INPUT DATA
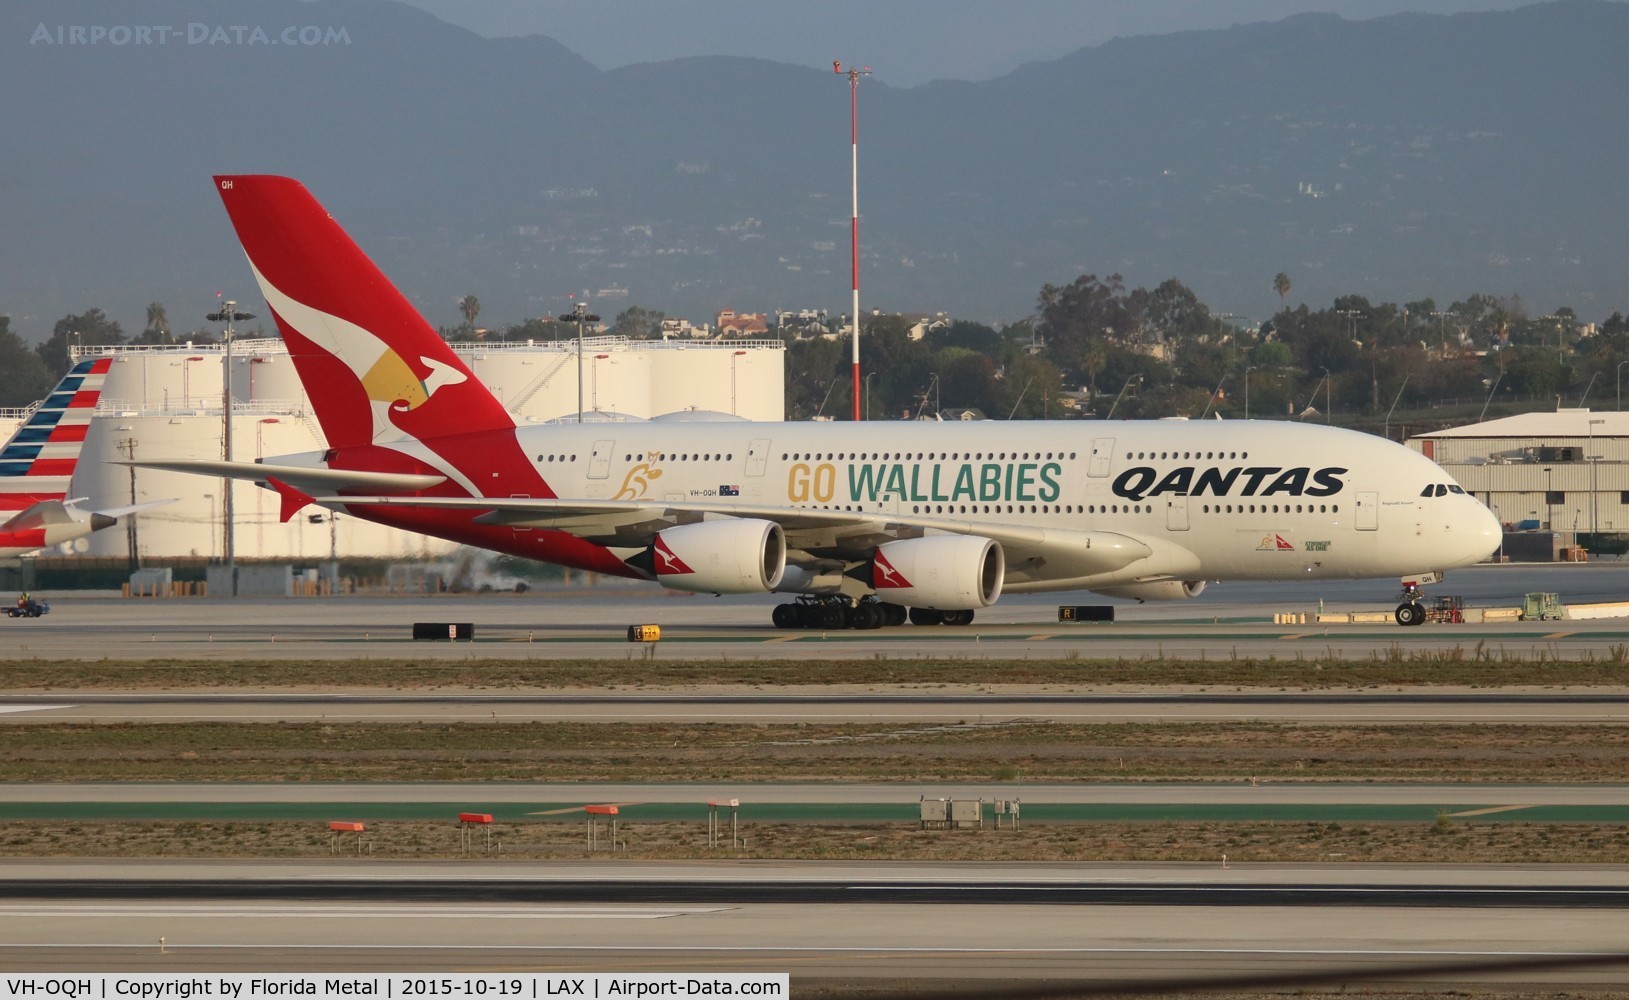 VH-OQH, 2009 Airbus A380-842 C/N 050, Qantas
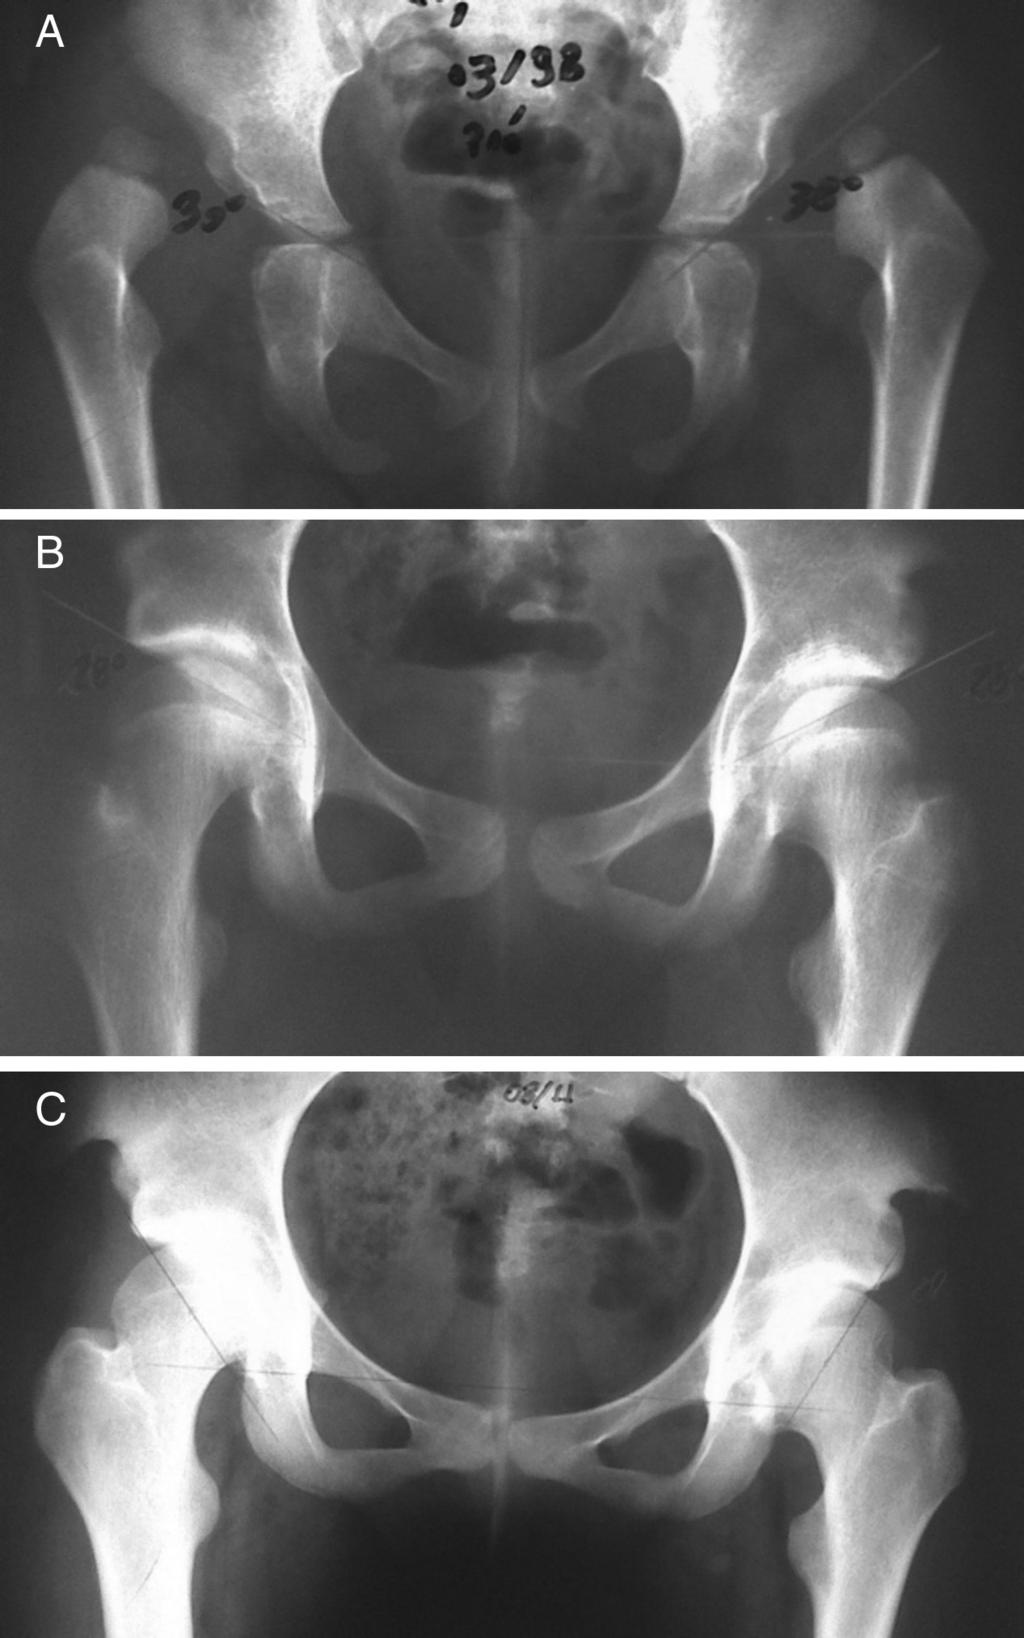 (C) Rx de 10/2011, pós-operatório tardio de sete anos do quadril direito e seis anos e nove meses do quadril esquerdo, que apresenta necrose tipo 4 da cabeça femoral.
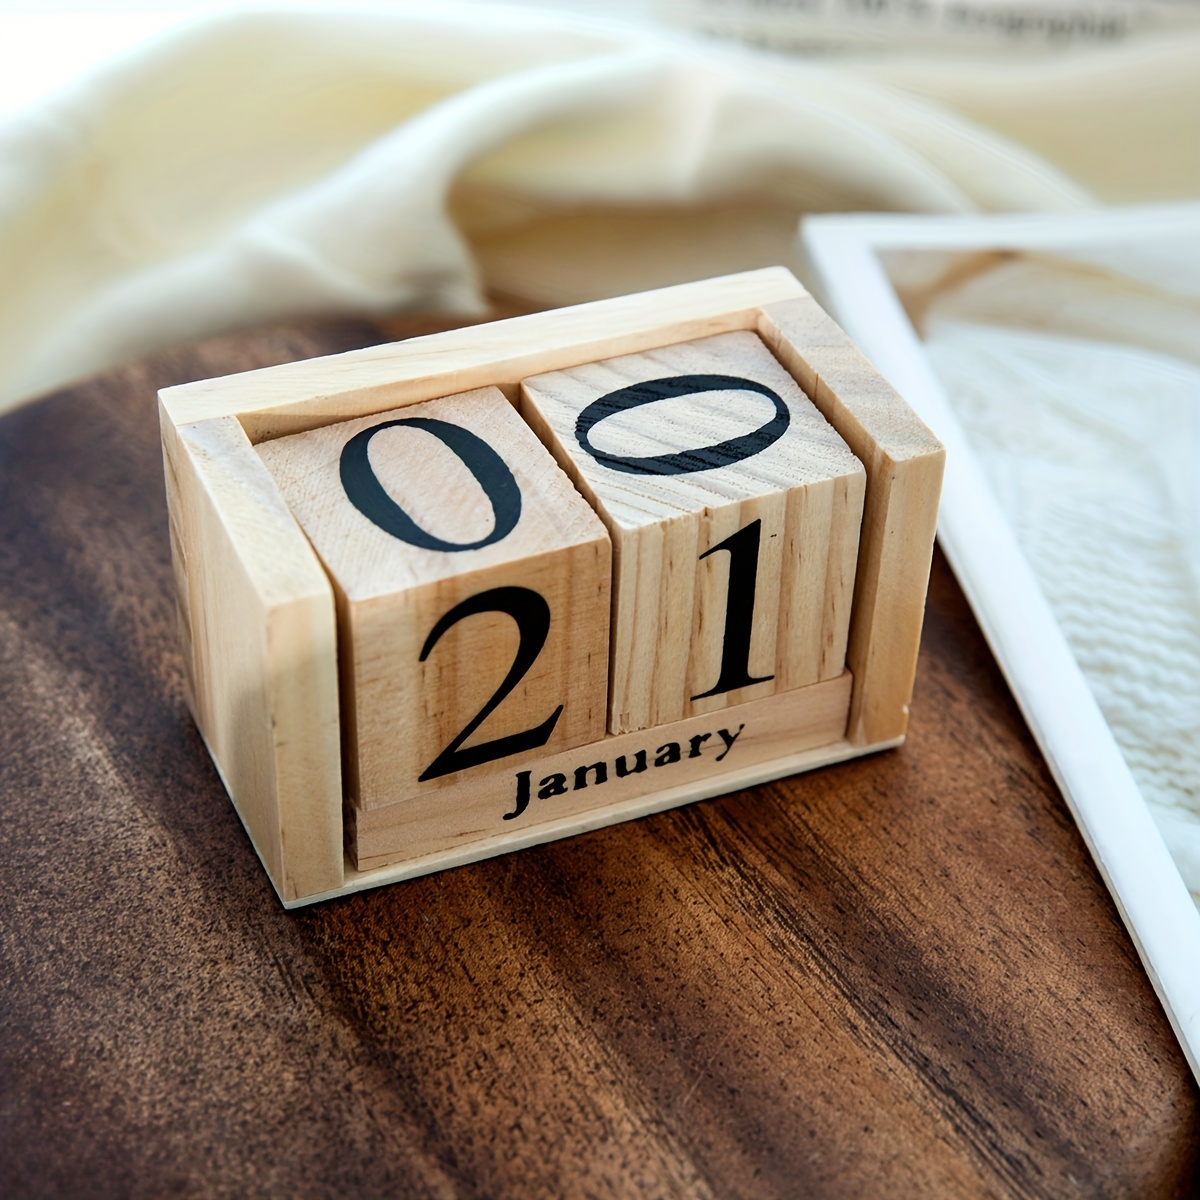 Calendrier de bureau en bois acrylique contemporain calendrier perpétuel  mois d

EXERCISE INSTRUCTIONS
When you repeat the material, keep every word exact and drop the pictures.

TASK RESPONSE
 VH-OQH, 2009 Airbus A380-842 C/N 050, Qantas
 (C) Rx de 10/2011, pós-operatório tardio de sete anos do quadril direito e seis anos e nove meses do quadril esquerdo, que apresenta necrose tipo 4 da cabeça femoral.
 Calendrier de bureau en bois acrylique contemporain calendrier perpétuel  mois d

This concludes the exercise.